Overnight (that's about 24 hrs ago now) I read a piece in the Washington Post that made me think that the next 10 days or so will be critical to whether Trump gets to set up a framework for a dictatorship. Not that if he falls short now he won't succeed later, but there's danger right now.

The WashPost piece ended up getting folded into a larger one, and if the original is still on the site I can't figure out where (here's the longer) and they both fell off the page in the flood of news. What it said was that District Judge John J. McConnell, who'd originally ordered the administration to stop its freeze on federal grants, had found that the administration had, in fact, not unfrozen those grants as he had ordered. So he was again ordering the administration to unfreeze the funds.*

And this is it, our Lexington-Concord. I'm baffled that the issue isn't getting a larger slice of the news screen. Maybe few others feel my 10 days – there are about 40 judgments telling the administration to halt, don't know if the Trump-Musk crew are ignoring or defying them all, or are pretending to comply on some of them or what.

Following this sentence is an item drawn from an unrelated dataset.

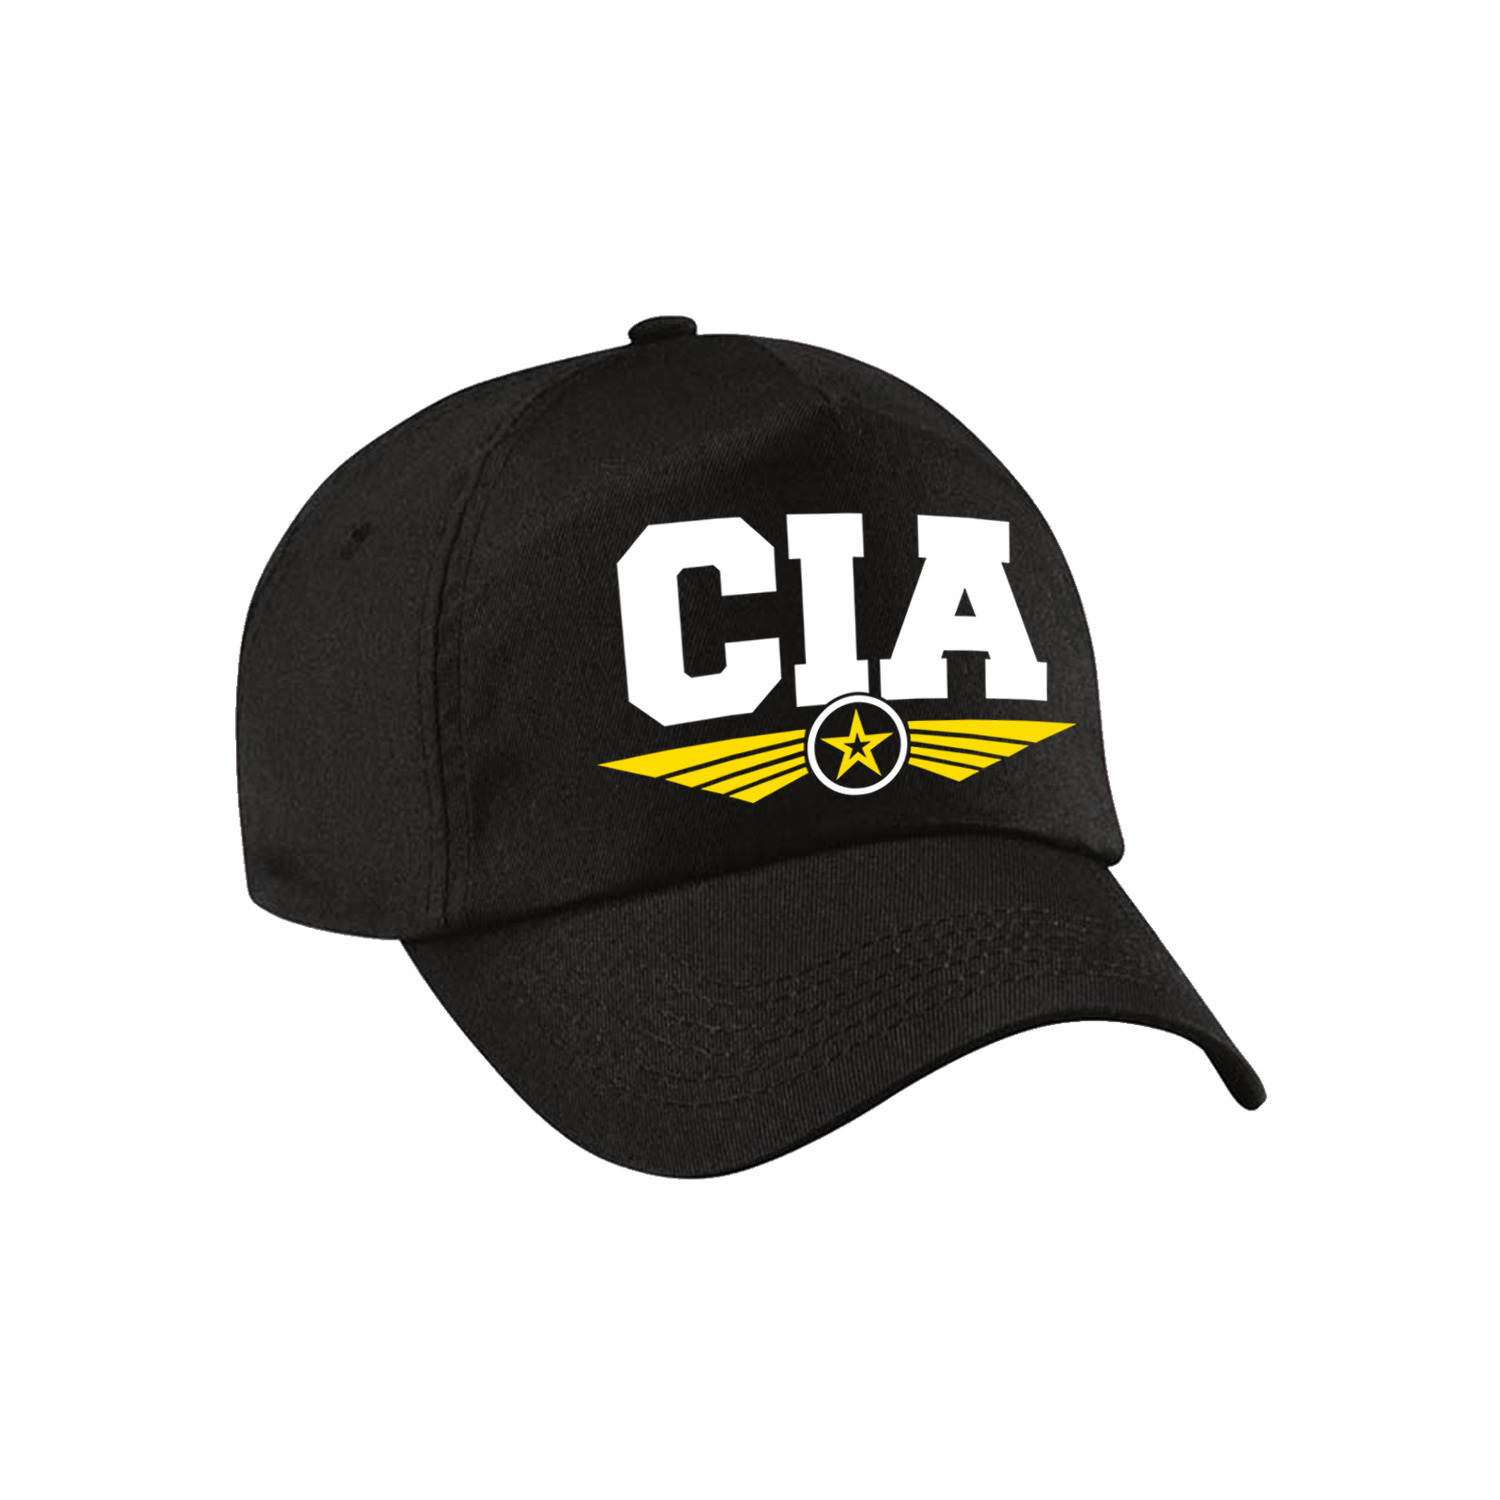 CIA agent tekst pet / baseball cap zwart voor kinderen

Anyway, bearing in mind that I don't really know the law, the political situation, how federal payment systems work, or what I'm talking about, this is the risk:

If the administration gets away with ignoring the courts, so ignoring the orders to stop DOGE's access to Treasury and health payment systems – so Musk's access continues – this is what I foresee. Musk and his confederates not only continue to block payments to congressionally authorized projects that they don't like but also block payments owed to contractors – say, block payments to contractors unless the contractors donate to the Republican party – or simply don't send salary payments to VA doctors and nurses in areas that vote Blue, and don't send funds owed to hospitals in such areas, and they close the buildings that judges who've ruled against them work in, or withhold their salaries, or loot the bank accounts of such judges (at least the ones who've ever gotten a tax refund, so their routing numbers and account numbers are now on Musk's server). Or delay or not send tax refunds owed to members of a liberal advocacy group or to people who work at a disfavored business firm. Or simply not pay disability benefits to people who express dissenting political views, or to people whose relatives have.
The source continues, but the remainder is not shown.